# Stc 1000 Replacement Temp Probe



## kevin_smevin (11/10/11)

Hi All.

I've got a stc 1000 thermostat and i think the temp probe is shagged. Anyone know where i can get a replacement?

Cheers


----------



## Yob (11/10/11)

yum yum yum said:


> Hi All.
> 
> I've got a stc 1000 thermostat and i think the temp probe is shagged.
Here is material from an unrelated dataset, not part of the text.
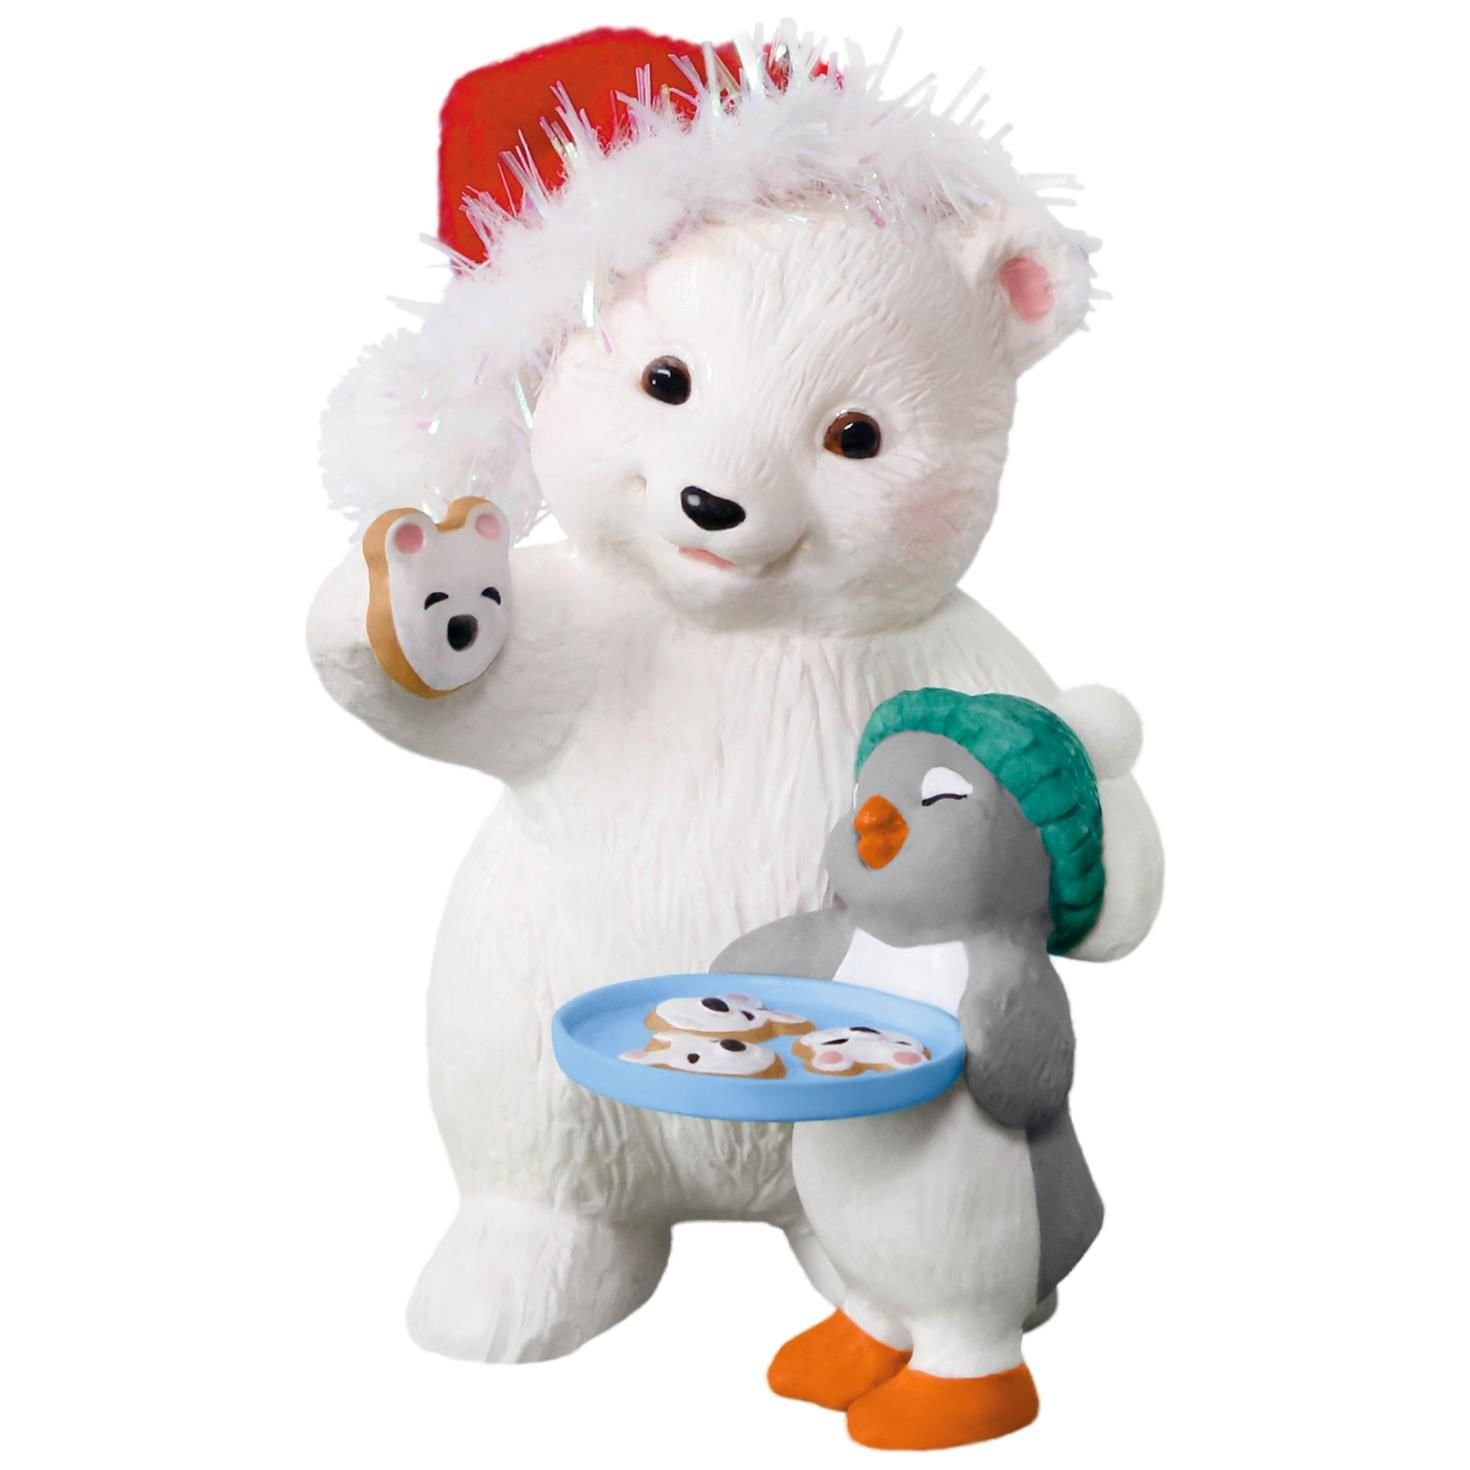 Hallmark Keepsake 2017 Snowball and Tuxedo Cookies for Santa Christmas Ornament

Anyone know where i can get a replacement?
> 
> Cheers




ask for a replacement, thay will send a whole new unit.... least thats what I did...


----------



## adryargument (11/10/11)

iamozziyob said:


> ask for a replacement, thay will send a whole new unit.... least thats what I did...



+1 works everytime.


----------



## Silo Ted (11/10/11)

Anyone know where I can get a stainless steel probe, to fit to my electric urn? 
Somewhere apart from craftbrwer?


----------



## DU99 (11/10/11)

as in temp sensor..could try ebay


----------



## stux (11/10/11)

Silo Ted said:


> Anyone know where I can get a stainless steel probe, to fit to my electric urn?
> Somewhere apart from craftbrwer?



http://mashmaster.com.au/p/366867/ntc-sens...e-brewmate.html


----------